Translate

wtorek, 9 lipca 2013

I FOiOK

        Przez ostatnie dwa dni w Krakowie nad Wisłą odbywał się I Festiwal Oscypka i Obwarzanka Krakowskiego (oficjalna nazwa nieoficjalnego reunionu uczniów Mahindry) - alternatywa wystarczająco hipsterska dla tych, którzy zmęczeni są mainstreamem Open'era i chcą spróbować w swoim życiu czegoś naprawdę szalonego. Jedzenie oscypków na czas i konieczność wyboru rodzaju krakowskiego przysmaku w mniej niż 10 sekund to tylko jedne z propozycji, które umilają nam czas w Krk. W tym roku w I FOiOK wzięły udział dwie osoby, co potwierdza nadzwyczajną hipsteriadę. 

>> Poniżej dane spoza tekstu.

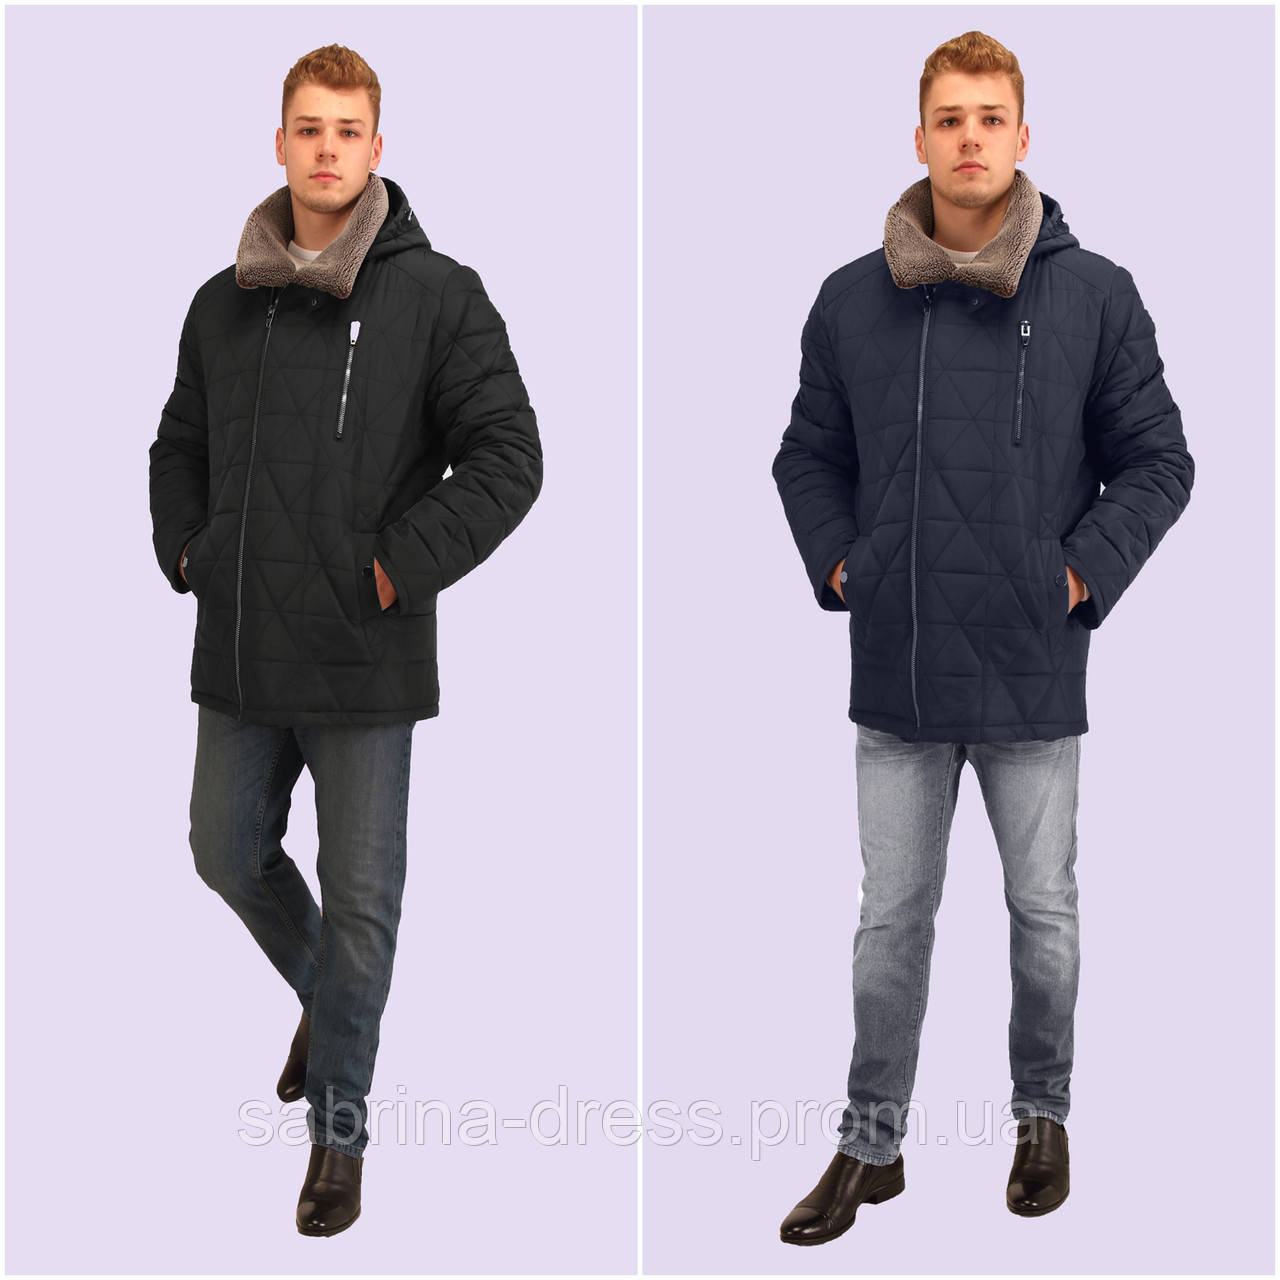 Куртка мужская зимняя. Модель 179. Размеры 48-60. Два цвета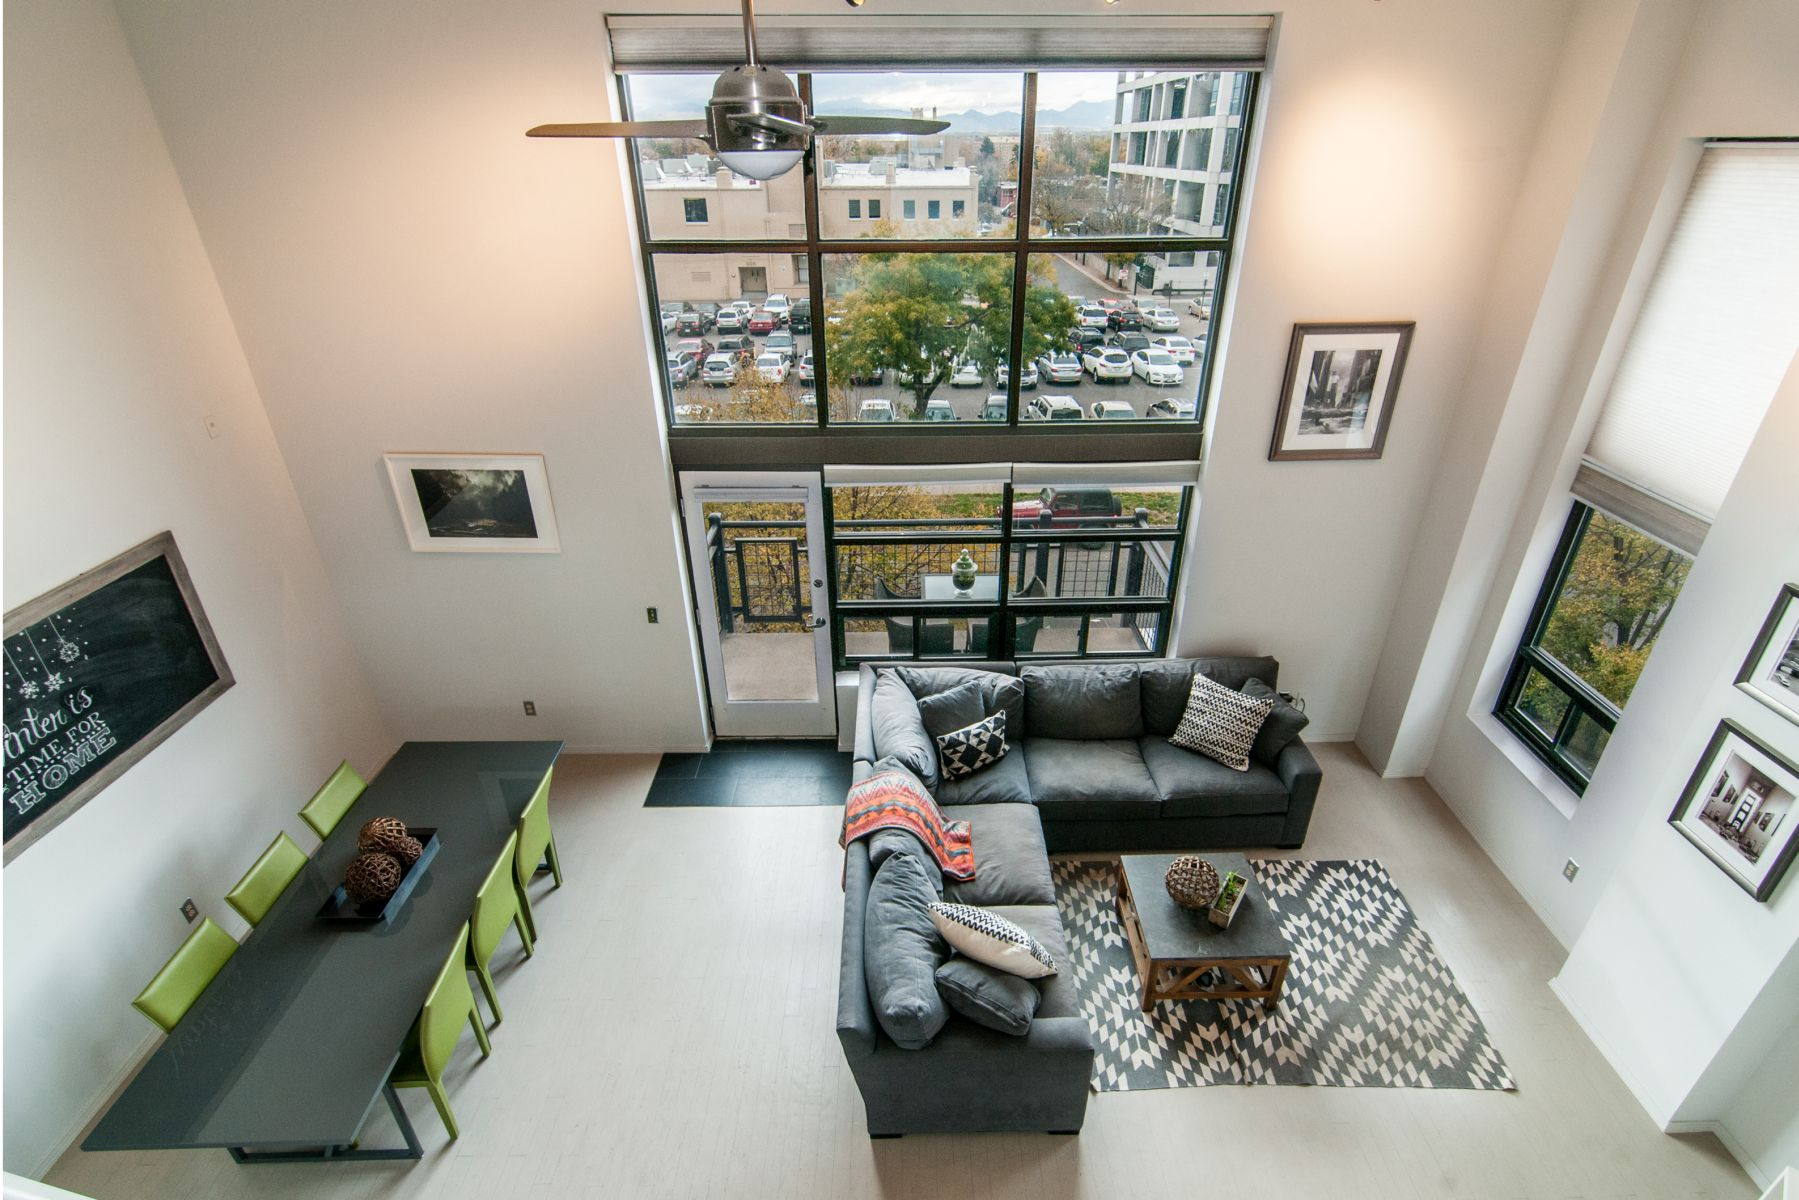 Condominium for Sale at Sleek, Chic and Unique 930 Acoma Street #205 Denver, Colorado 80204 United States

           Byłam to ja i moja najdroższa Drugoroczna, ale muszę przyznać - nie wszystkie założenia się spełniły. W niedzielę rano zadzwonili do nas Edek Miszczak z TVN i Wojtek Iwański, reżyser "Mam talent!" z pełnymi gaciami - ich przyszłość zależała od nas. Powiedzieli, że Agustin - nowy juror tego zacnego show - od wczoraj tupie obiema nogami i turla się po podłodze w histerii, której źródła upatruje w tym, iż odkrył, że jeszcze nikt nie zaprosił mnie i Soni na widownię "Mam talentu!". Jęczał, że nasza obecność jest fundamentalna i jak tak, to on nie i się nie zgadza, że jak to tak, to on nie wyjdzie i żeby szukali nowego jurora. No więc Edek i Wojtek błagali nas, abyśmy przyszły: a, że jesteśmy empatyczne jak jasna cholera, zgodziłyśmy się, chociaż o wiele bardziej uśmiechało się nam ciorać bez celu po Plantach. A czego nie robi się dla starych znajomych.
         Cała impreza miała rozpocząć się chwilę po dwunastej w Teatrze Julka Słowackiego w Krk. Nasze przybycie wiązało się najwidoczniej z takim przedsięwzięciem logistycznym, iż ekipa miała blisko trzygodzinne opóźnienie. Podobno też chodziło o to, że Agustin nie chciał uwierzyć w swoje szczęście - w to, że rzeczywiście tam jesteśmy.
           Gdy już weszliśmy na widownię zajęłyśmy miejsca tuż za plecami Agustina, w pierwszym rzędzie:


            ...by zapewnić mu komfort psychiczny i podpowiadać, kiedy zapomni języka w tzw. gębie. Wspaniałomyślnie zrezygnowałyśmy z wizji - wszystko zasłaniał nam stół jurorski, więc największą radość czerpałyśmy z występów muzycznych. W trakcie przydługich przerw między występami uczestników zabawiałyśmy także widownię (serio) - ja wyginaniem kciuka do kąta prostego, a Sonia śmiała się jak traktor lub ciągnik.
                Ostatecznie musiałam się zwinąć przed końcem, ale nie żegnałam się z Agustino. Czego oczy nie widzą, tego Agustinowi nie żal, więc chciałam, by nadal myślał, że siedzę metr za jego plecami. Poczucie bezpieczeństwa ważna sprawa, ale przecież zostawała z nim jeszcze Sonia.
                Tak oto zakończył się nieoficjalny reunion TSZŚ, po którym stwierdzam głośno, że mam cholerne, cholerne szczęście do ludzi. To będzie cudowny rok, moja najlepsza Drugoroczna Soniu <3

        A już w piątek jadę na ten oficjalny! huhuhu can't wait.
PS. dzisiaj ilość wyświetleń przekroczyła tysiaczka, dzięki i jaram się max!